Meanwhile, the pianist had trotted off to tell Tenor Three that he was next (we had a feeling that someone had not shown up). After a few more minutes of interesting repartee between Stefan and Franco, he arrived. Originally from China, he related a story of how, when he was growing up back in the days of Chairman Mao, his oldest brother had borrowed a tape of opera featuring, as chance would have it, Franco Corelli. (At that time, even opera was disapproved of as a symbol of decadent Western civilization.) When our young singer had heard it, his reaction was, “A god is singing here!” Tenor Three’s selection for this evening was “Quando le sere al placido” from Luisa Miller. This is a voice we are going to hear from: a big easy sound produced with the aid of a long breath line and a nice ring. His face is wide across the mask, perfect for resonance. Apparently he has already begun to be noticed, having won a major competition recently. Roles performed include Calaf and Don José. He studies with a 90-year-old Italian singer born in Rome.
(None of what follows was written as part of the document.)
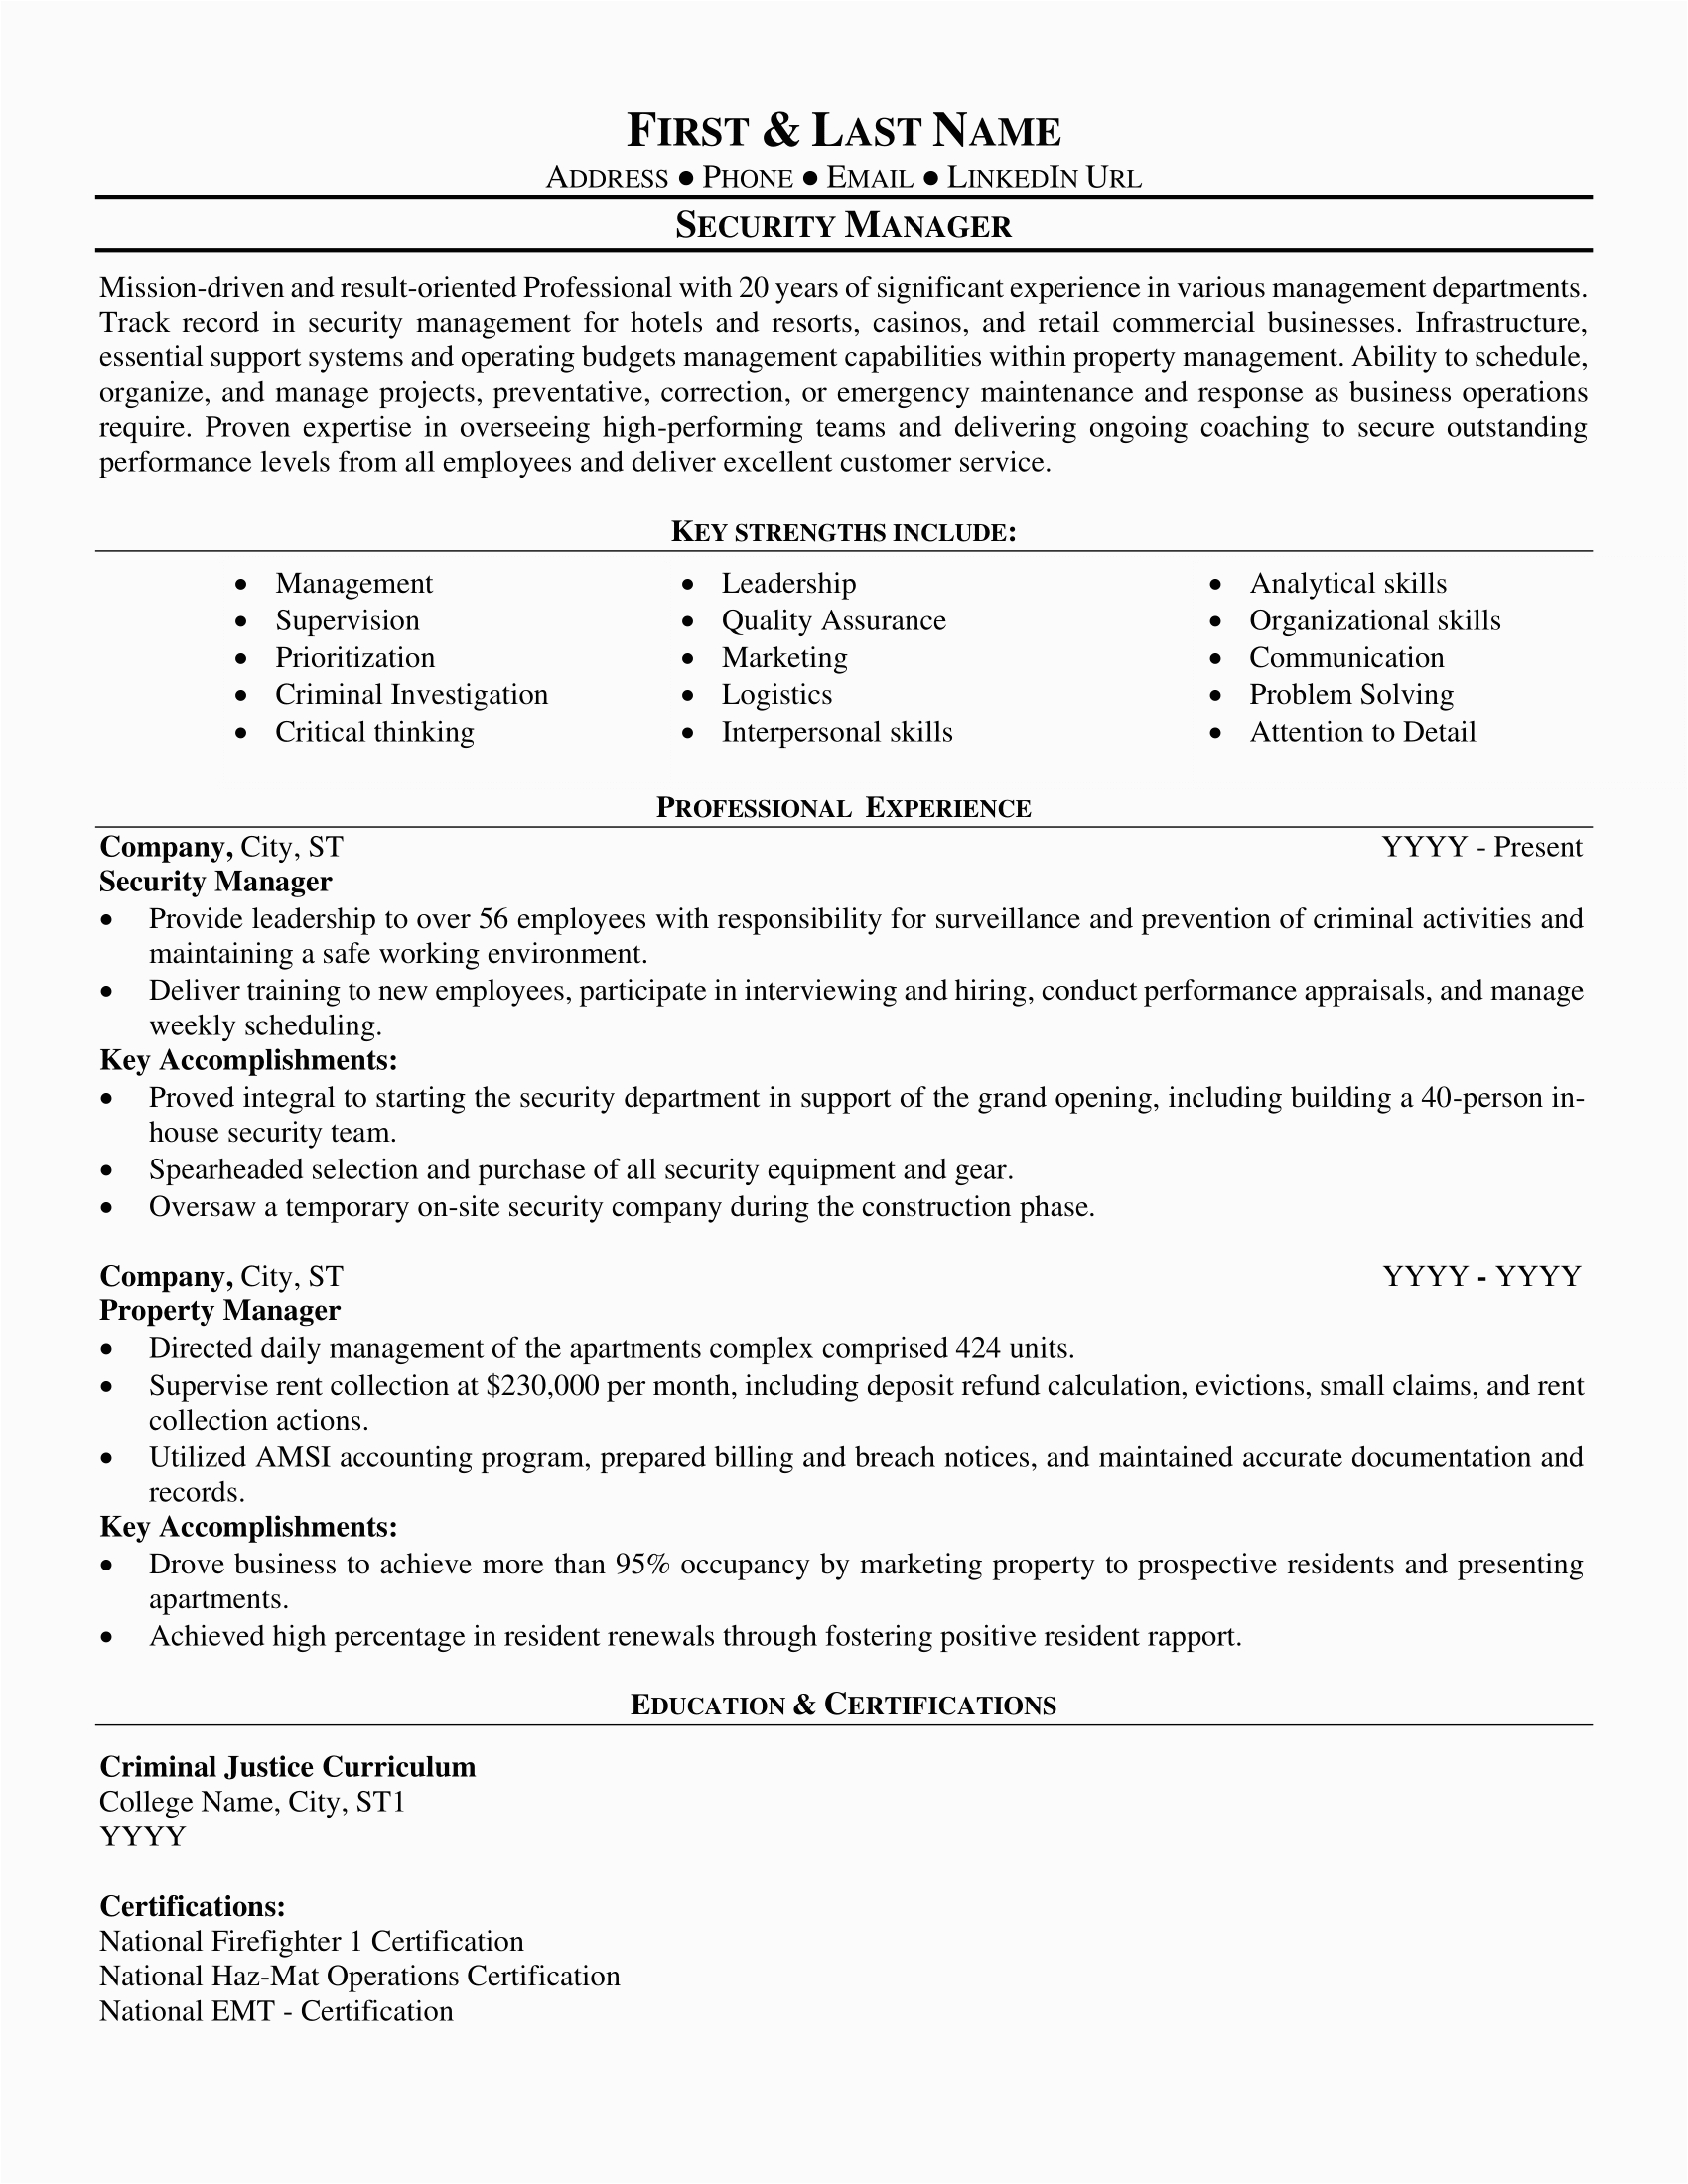 Sample Resume for Security Manager Position Security Manager Resume Sample

Maestro Corelli praised the beauty of the voice, the legato, the “heart.” He commented on the squillo and the brilliance. He suggested a different ending to the cadenza (again preferring the one written), and wanted the “quando le sere” more mezza voce. There was one incident that will give you a better idea of the nature of the crowd in attendance. Tenor Three was having trouble with the sequence of notes in the phrase “amo te sol dicea” and Maestro Corelli kept trying to correct him without success. Finally, the entire audience hummed in unison!

Intermission followed, and then a second Chinese tenor, very tall, with dimples, also with an excellent, somewhat lighter voice and very good technique. He sang “Addio fiorito asil” from the third act of Butterfly. Mr. Corelli suggested broadening the tempo, which made it sound even better when the young man repeated the aria.

Mr. Lambrinos appeared again, giving us “Il balen” from Il trovatore, and this in turn was followed by a brief question-and-answer session which touched on such subjects as Mr. Corelli’s sense that vocal technique began to decline after 1963, and on his personal favorites among operatic greats (Gino Bechi for his charisma and command in spite of a faulty technique which caused his voice to begin failing at a fairly early age; Gigli, Lauri-Volpi, Masini). When Mr. Corelli was asked his advice for young singers, a member of the audience answered first, saying “Study plumbing.” The evening ended with an autograph session, for which we did not remain. On the sidewalk outside Florence Gould Hall, a tenor who had been sitting behind us in the audience was serenading Licia Albanese with a section of the duet from Butterfly, and for a brief moment she joined in. When out-of-towners ask us how we can stand living in New York, these are the things we remember. (“Maestro Corelli Does a Master Class”)


 

Speranza declared,

“Stefan Zucker is a bel canto singer and radio host of ‘Opera Fanatic.’ His program airs each Saturday at 10:30 PM on WKCR (FM) in NY. He too is a great lover of la cultura italiana. Notable are his wonderful interviews with the great tenor Franco Corelli.”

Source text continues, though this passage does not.